I woke early on a morning many years ago – I couldn’t tell you what time it was, but I can tell you how old I was, four quickly going on five – after the first night in the old house on seven quiet acres that my parents had recently bought. We had moved from a quiet suburban neighborhood to state road that led from the same suburb into the farmtowns to our north and east.
We had no neighbors. We had no streetlights. What we had was the rare but audible car zipping down the long, straight road at night, and when I woke that first morning I complained that the sound of airplanes had woken me up, not recognizing the whoosh of passing cars.
Now, that same bedroom is where I go when I need to get out of the city, when I need a place to sleep that is dark and quiet. It is a retreat, and if I wake in the morning to the smell of my mother’s blueberry buckle, then the retreat offers an added blessing beyond just the peaceful rest.
As soon as I left home I started searching for a new home. When I settled in South Boston ten years ago this fall, I became determined to make it my home. I needed to be rooted. Despite often looking over my shoulder at the roots that still linger in the quieter land of my youth, I have also wound roots into the ground here, through the cracks in the sidewalk and the postage stamp sized city parks that that break up the monotony of gridded streets and three-floor walk-ups.
There are things I put up with to be in this place: it is expensive and my apartment is small. I have to parallel park every night, and spots are scarce. The landscape is changing: the first of every month more twenty-somethings move in to flipped condos that their parents are paying for. I don’t know how much longer I’ll be able to afford to stay, or how much longer I’ll fit in.

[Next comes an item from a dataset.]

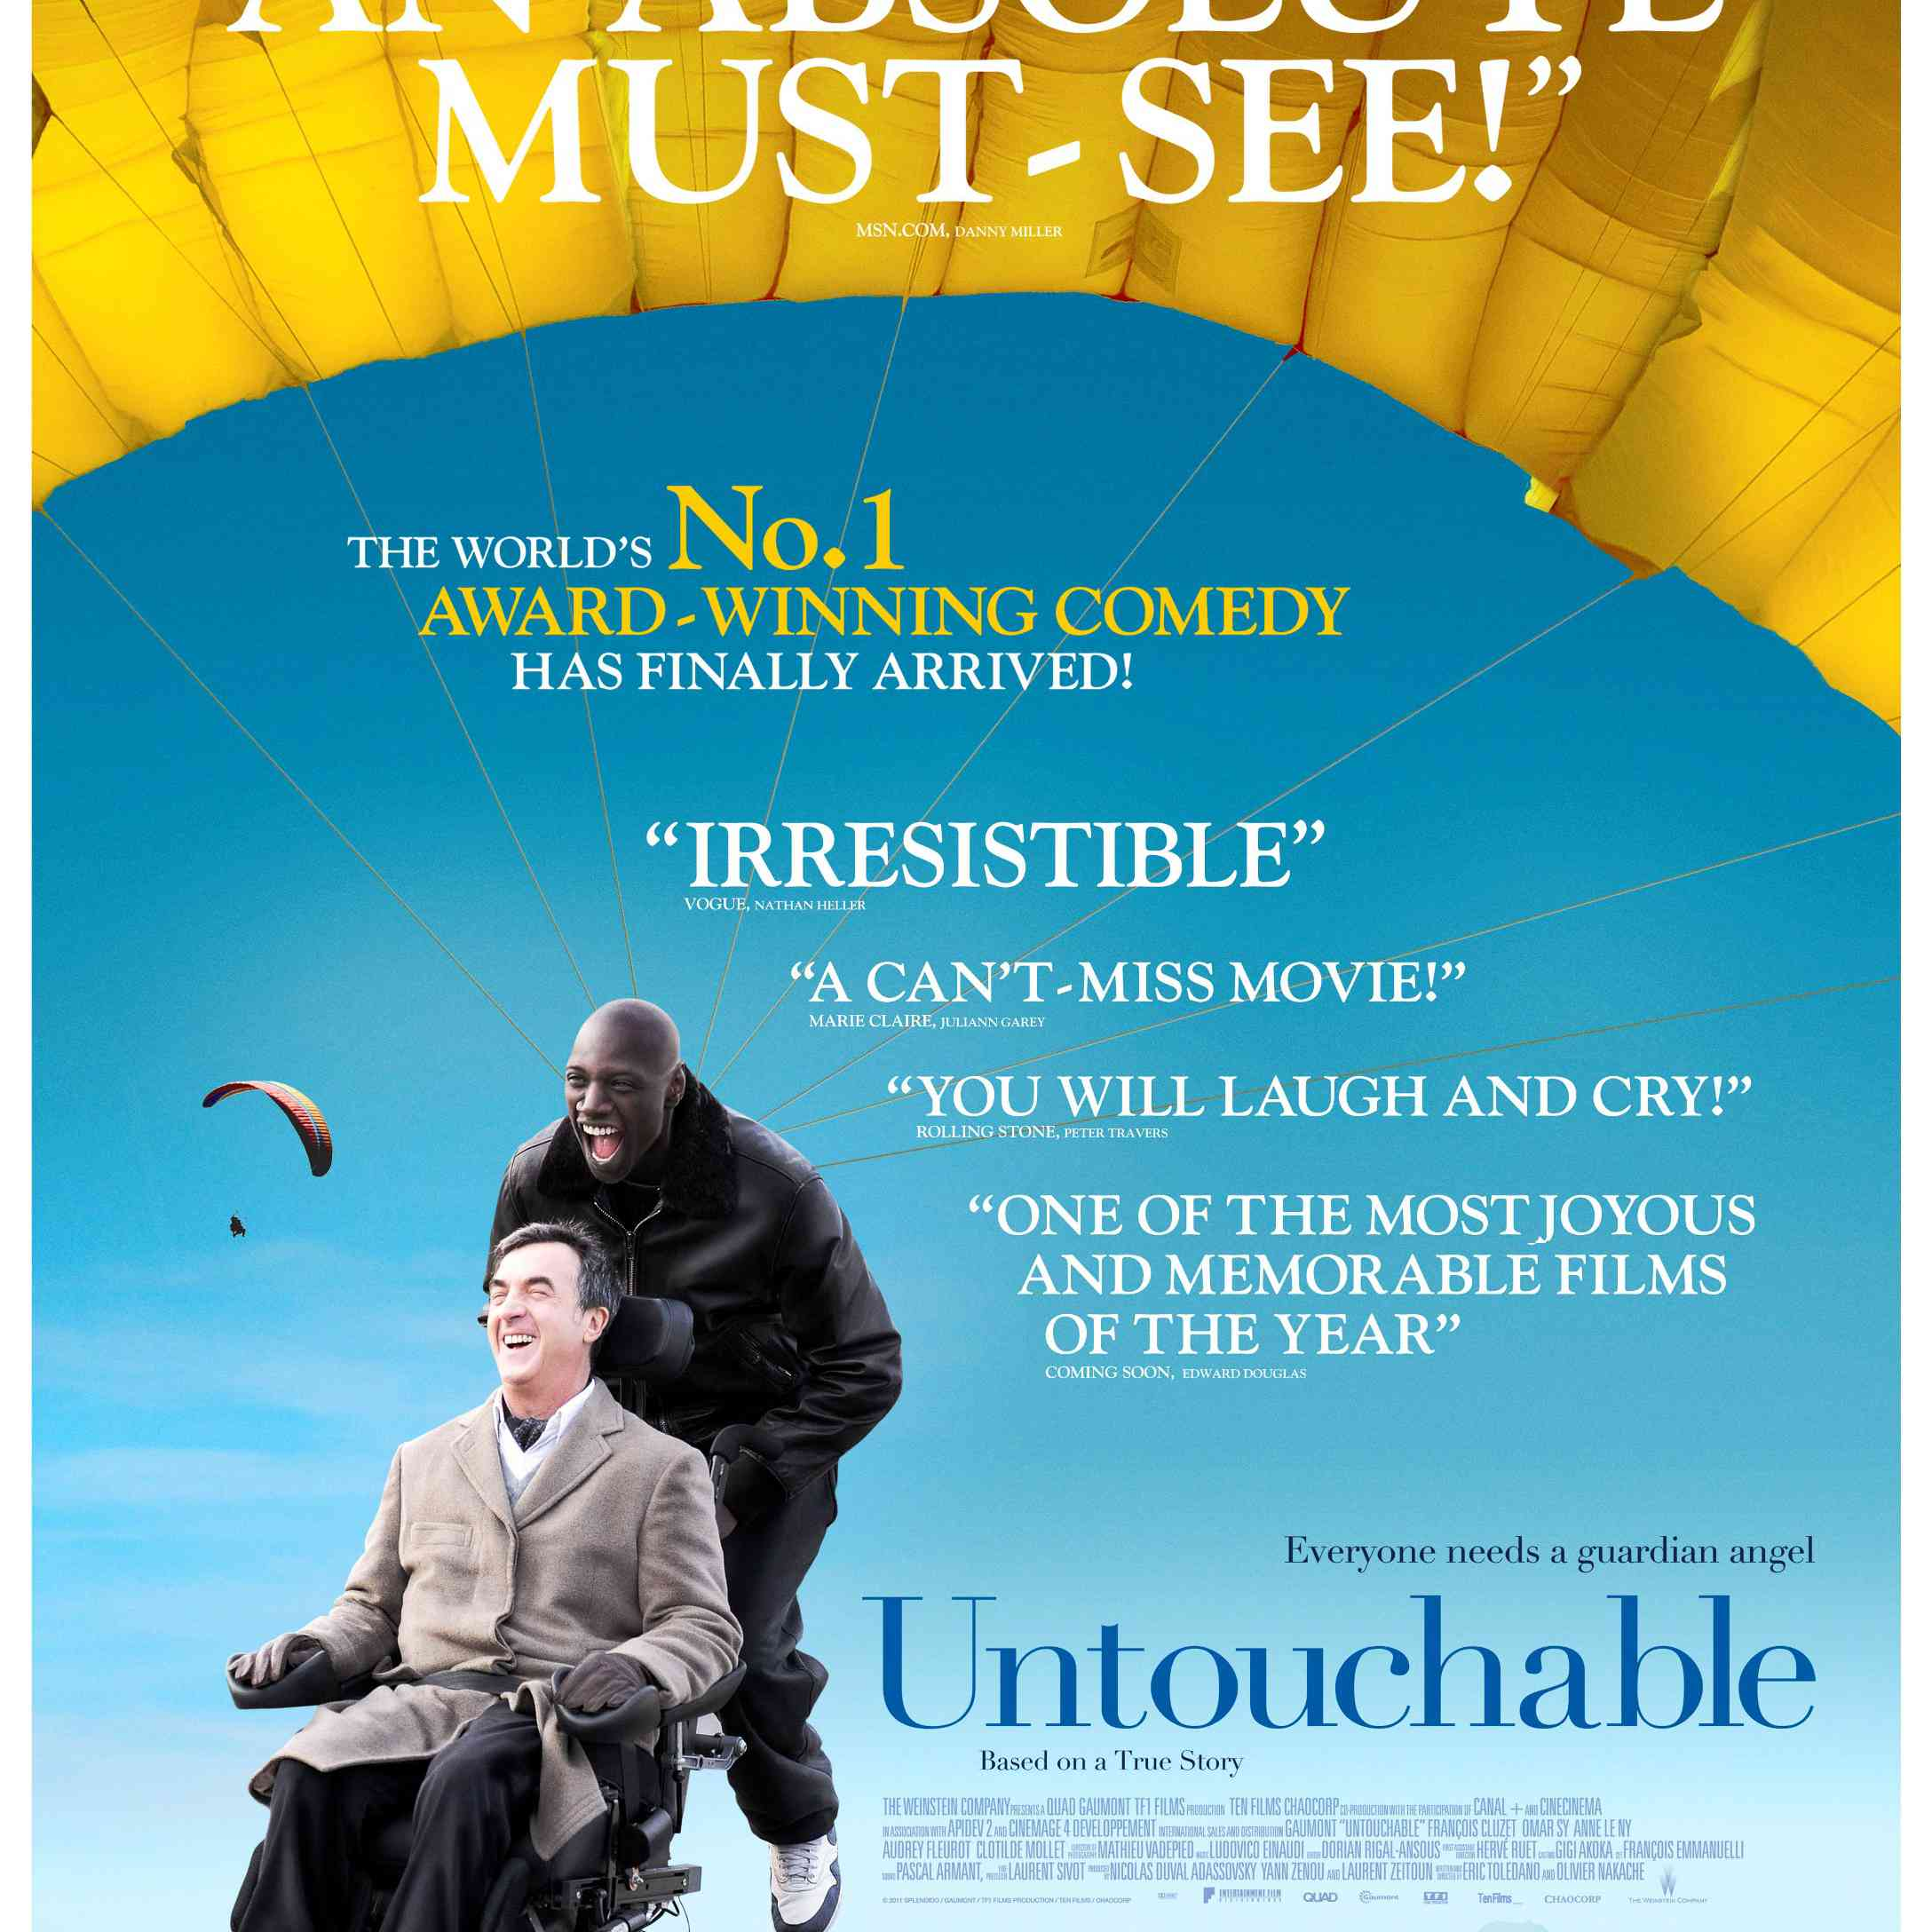 Untouchable poster.

At five on a quiet weekday morning my adopted home surprised me. No young partygoers were stumbling along and shouting, no one was rustling through the cans in the trash, no one was warming up a car with a rattling engine. It was quieter here than a city has any right to be. The streets would soon be waking up, as I was. Sound and light through the window would soon be changing. For once, I didn’t shut my eyes to try to block it out.